**Work to be completed**
What's needed is the listing below, repeated word for word with no pictures.

**Stored data**
=== Section Start ===
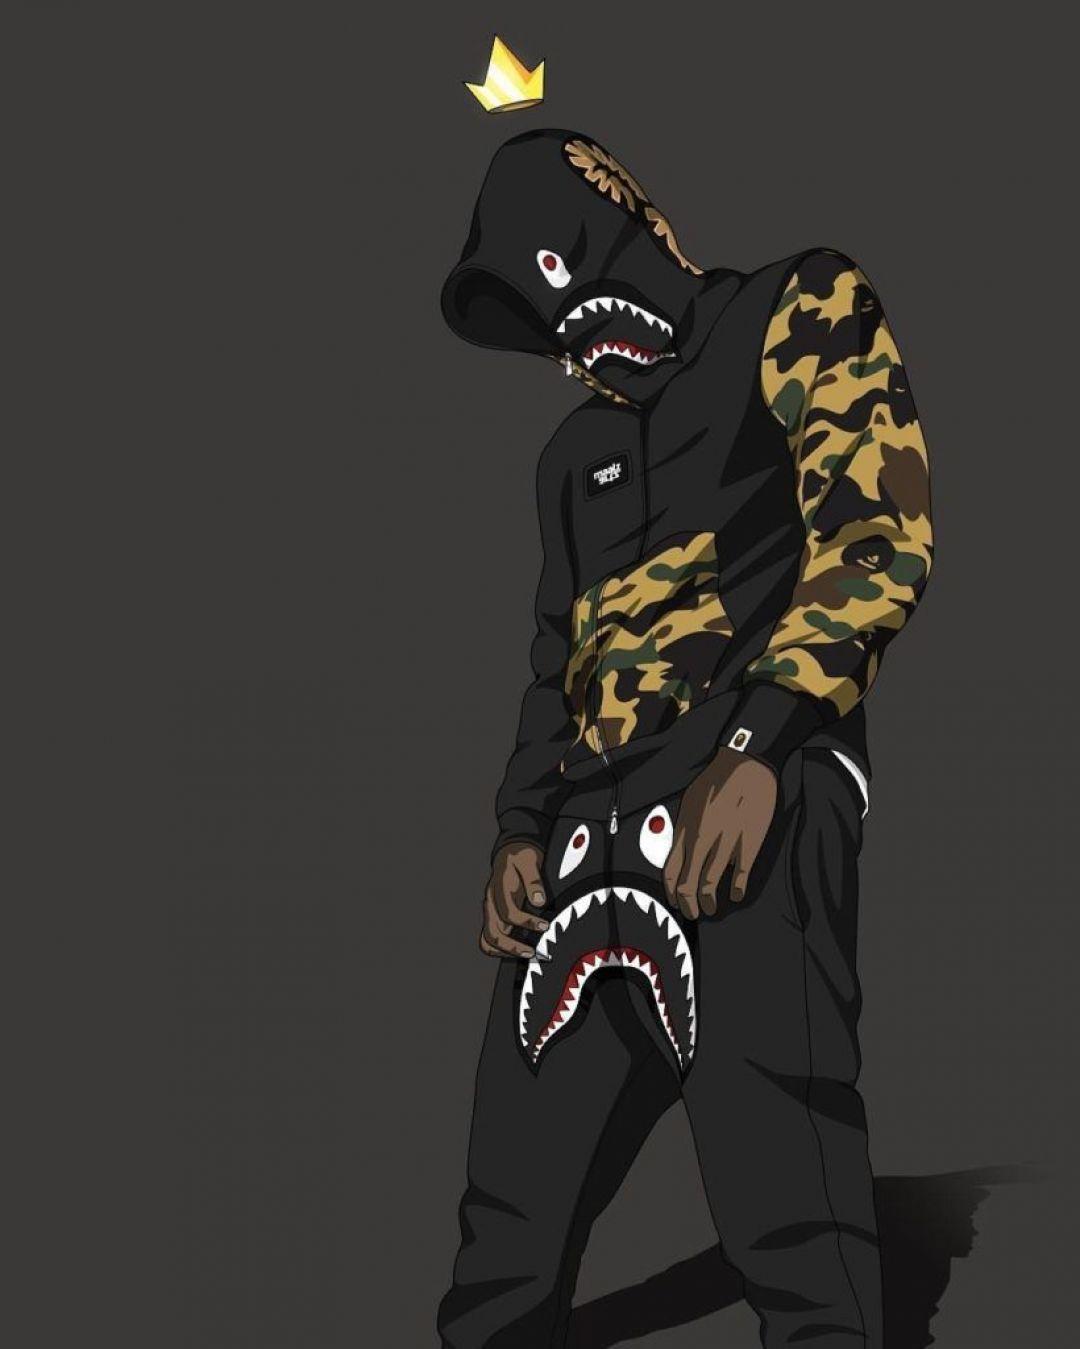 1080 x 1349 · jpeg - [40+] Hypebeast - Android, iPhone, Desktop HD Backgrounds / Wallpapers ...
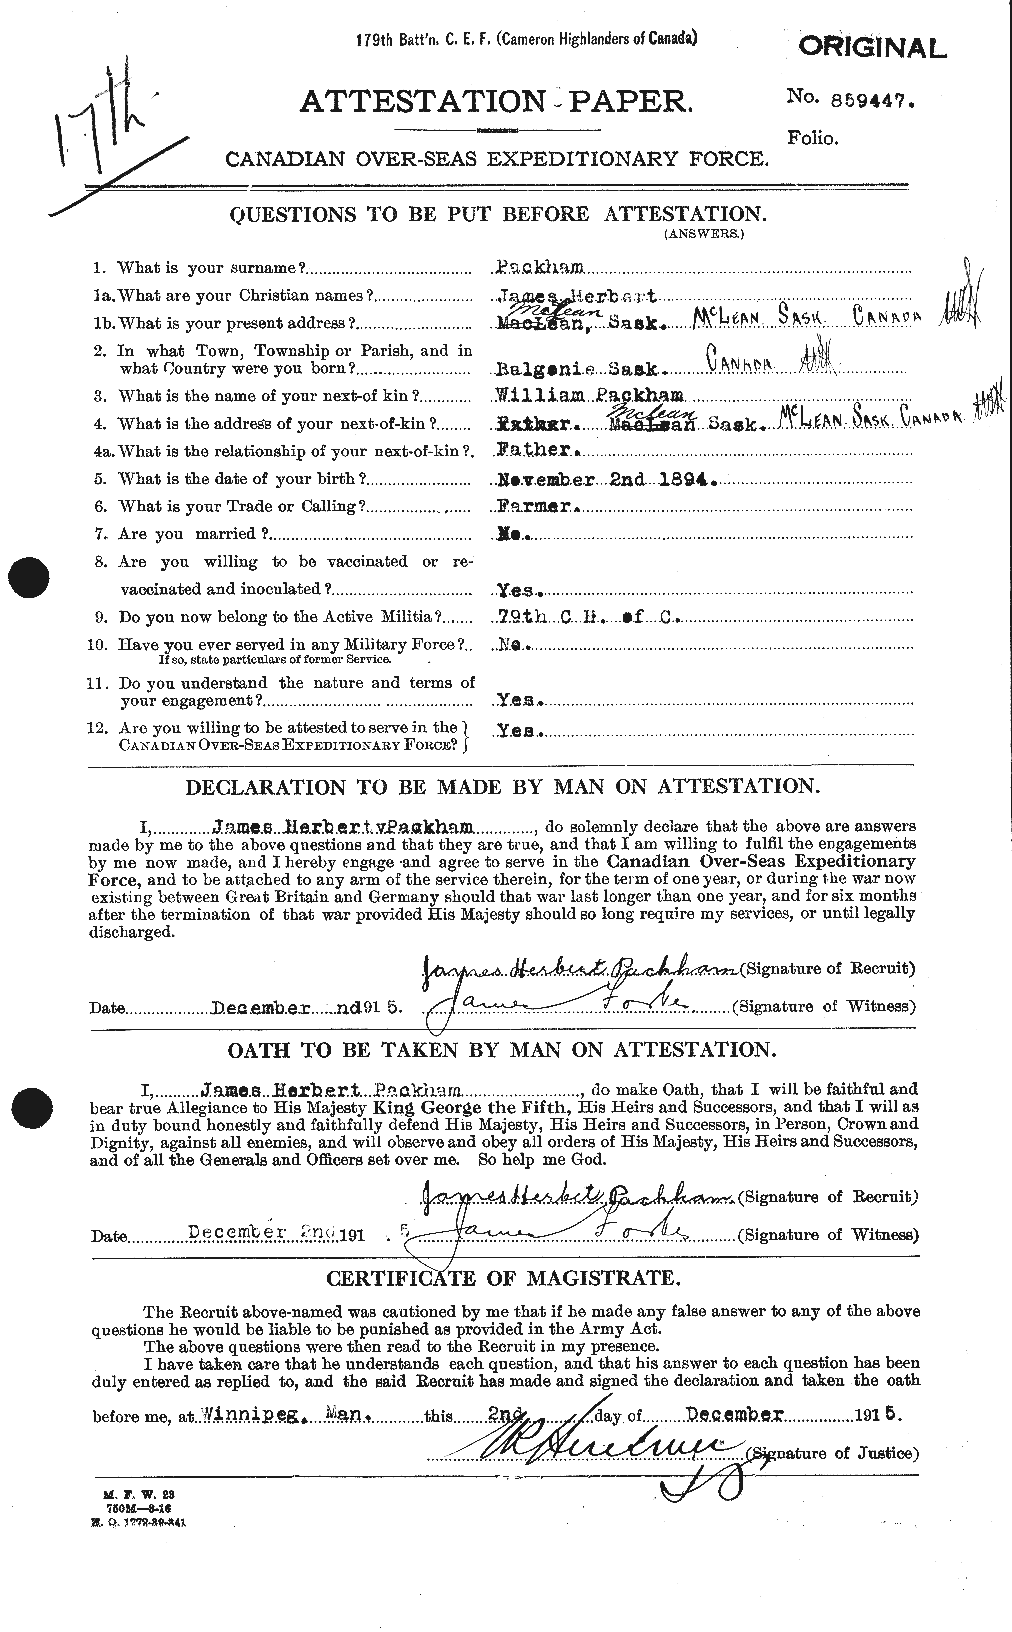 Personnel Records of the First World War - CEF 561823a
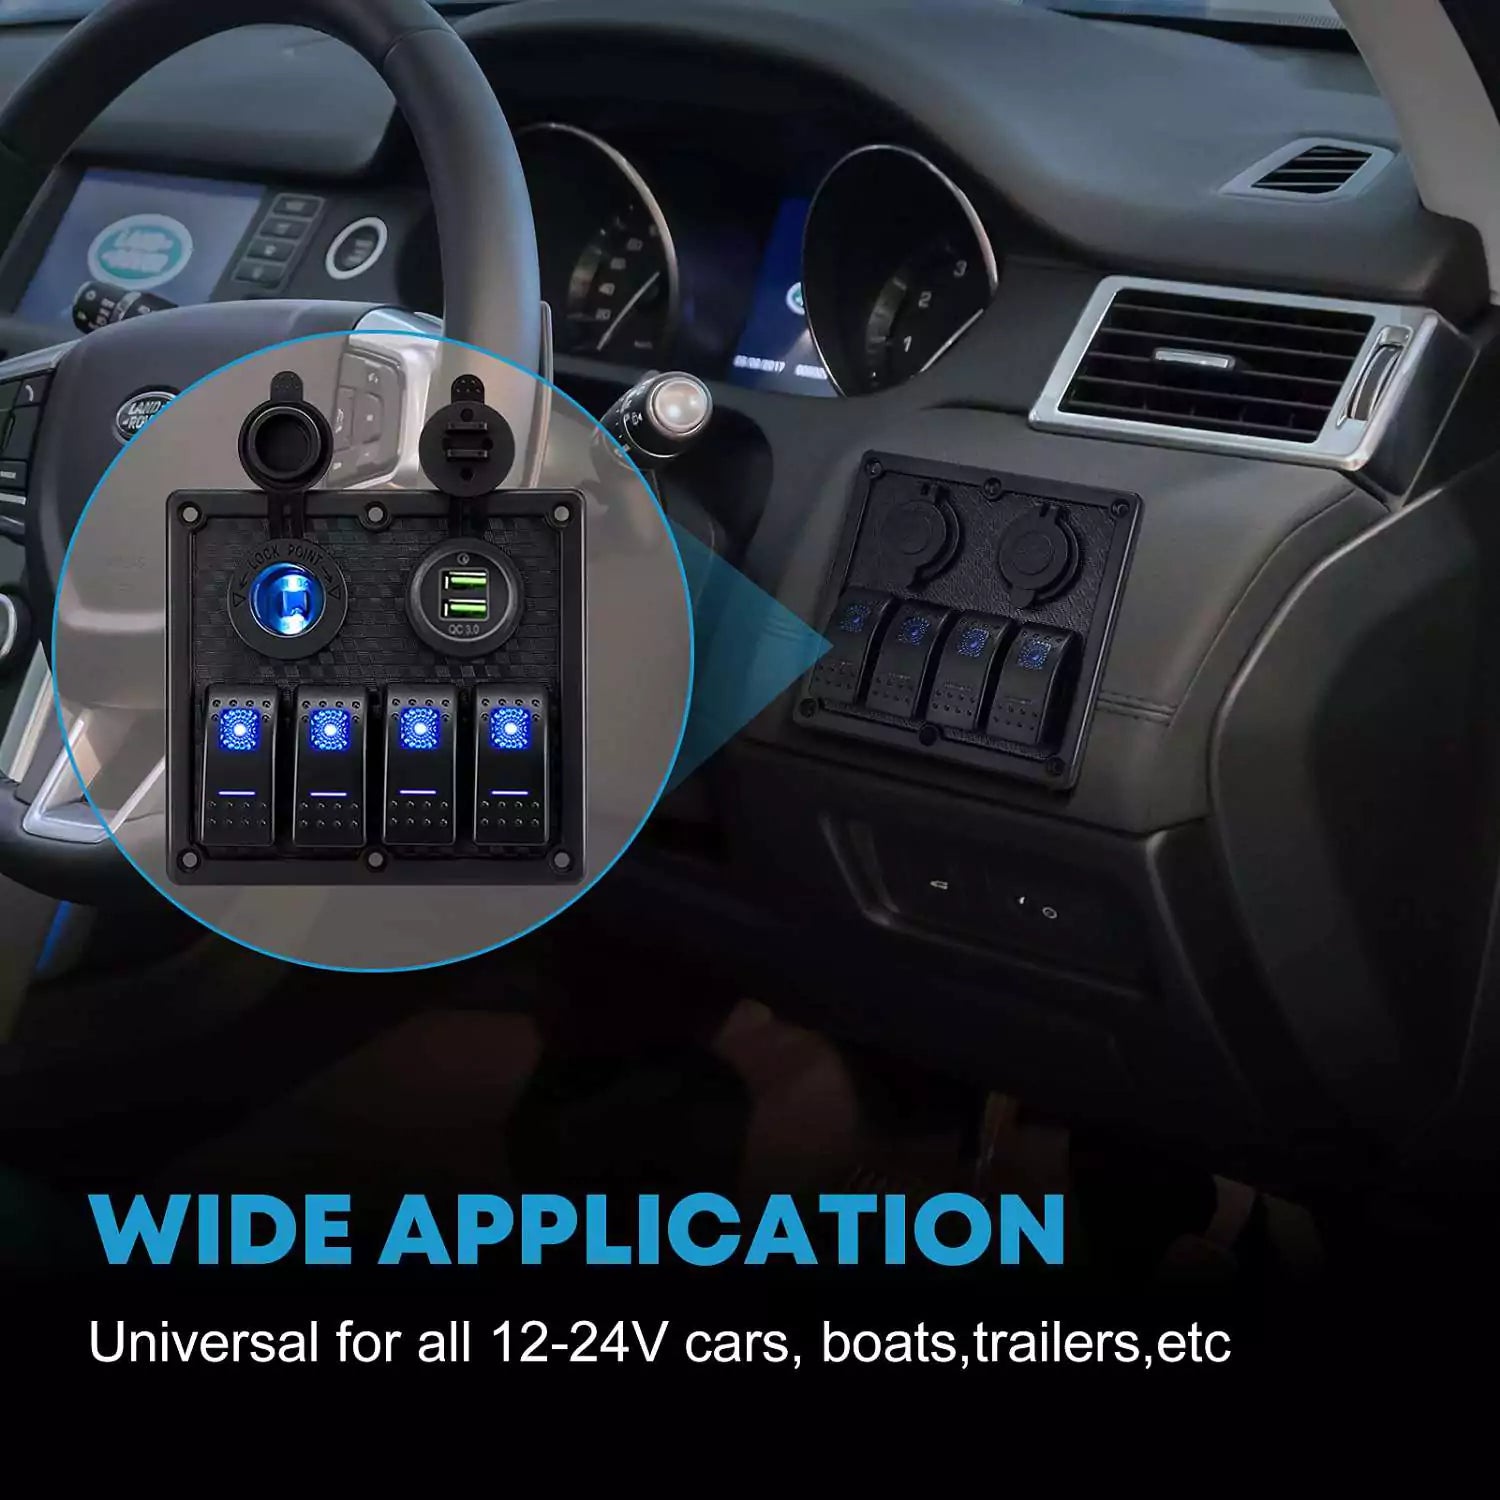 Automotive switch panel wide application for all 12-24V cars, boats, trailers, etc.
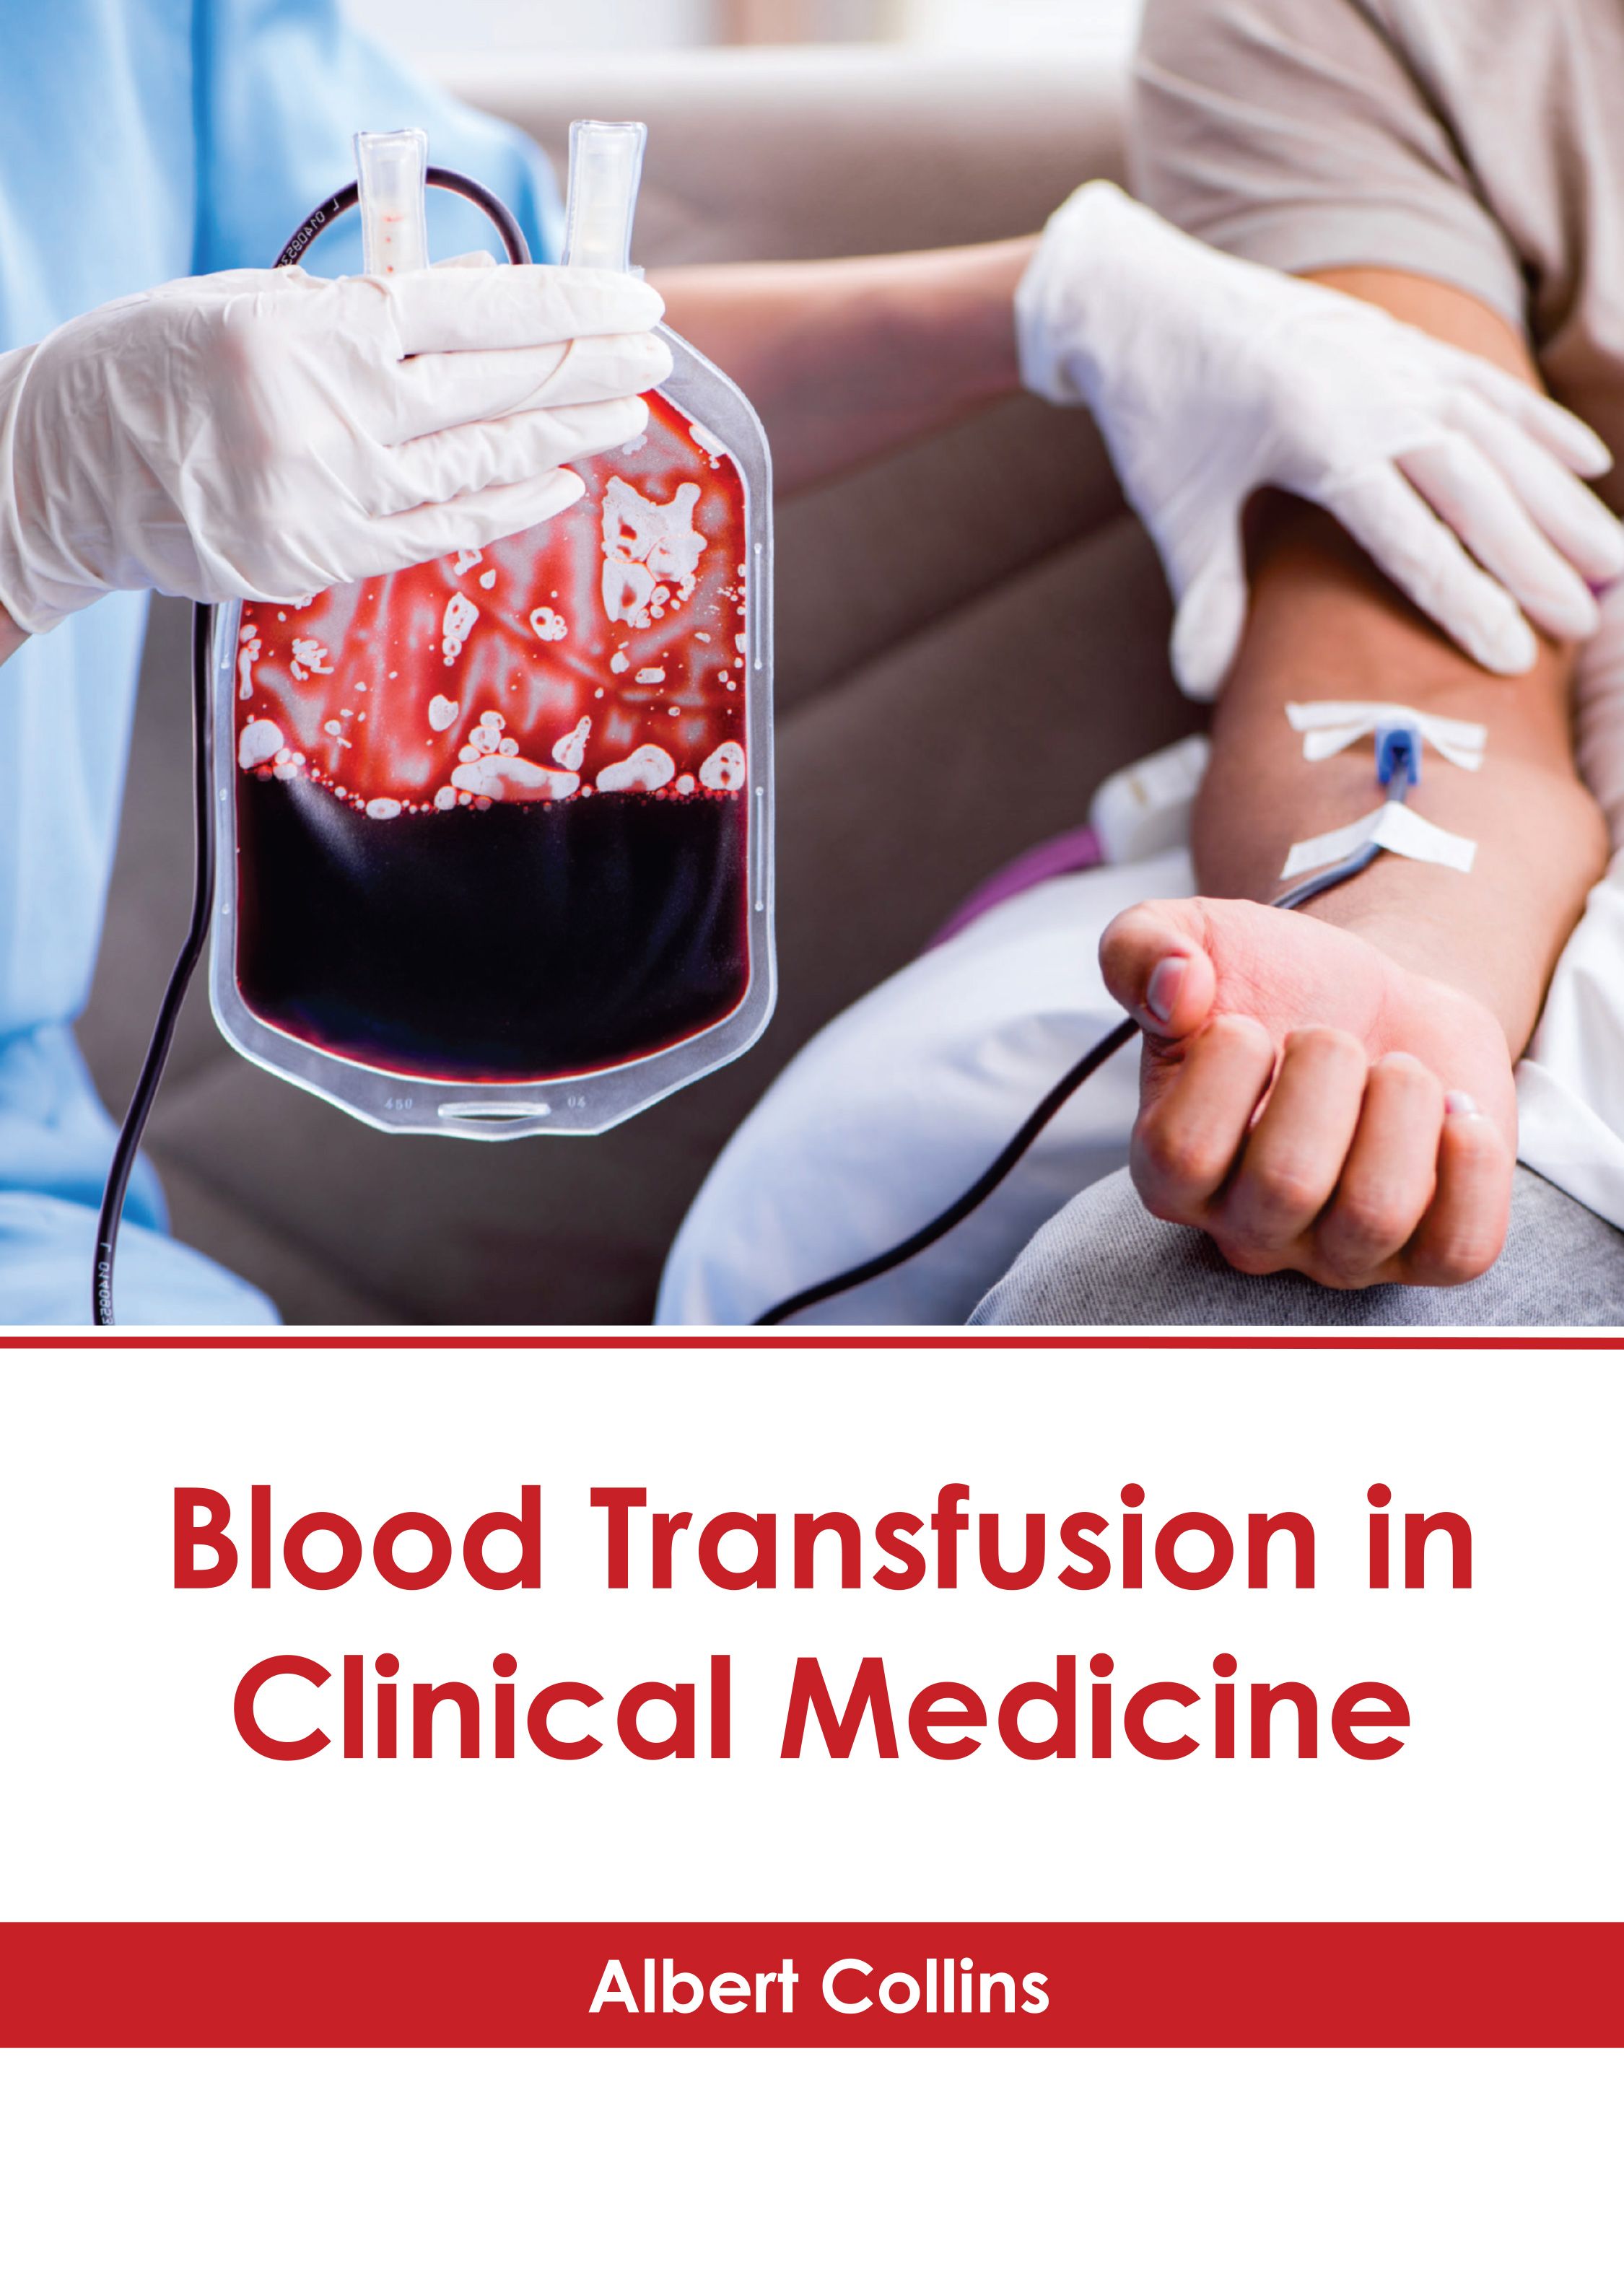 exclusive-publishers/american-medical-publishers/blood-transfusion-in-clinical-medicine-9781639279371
=== Section End ===
**Exercise output**
 1080 x 1349 · jpeg - [40+] Hypebeast - Android, iPhone, Desktop HD Backgrounds / Wallpapers ...
 Personnel Records of the First World War - CEF 561823a
 Automotive switch panel wide application for all 12-24V cars, boats, trailers, etc.
 exclusive-publishers/american-medical-publishers/blood-transfusion-in-clinical-medicine-9781639279371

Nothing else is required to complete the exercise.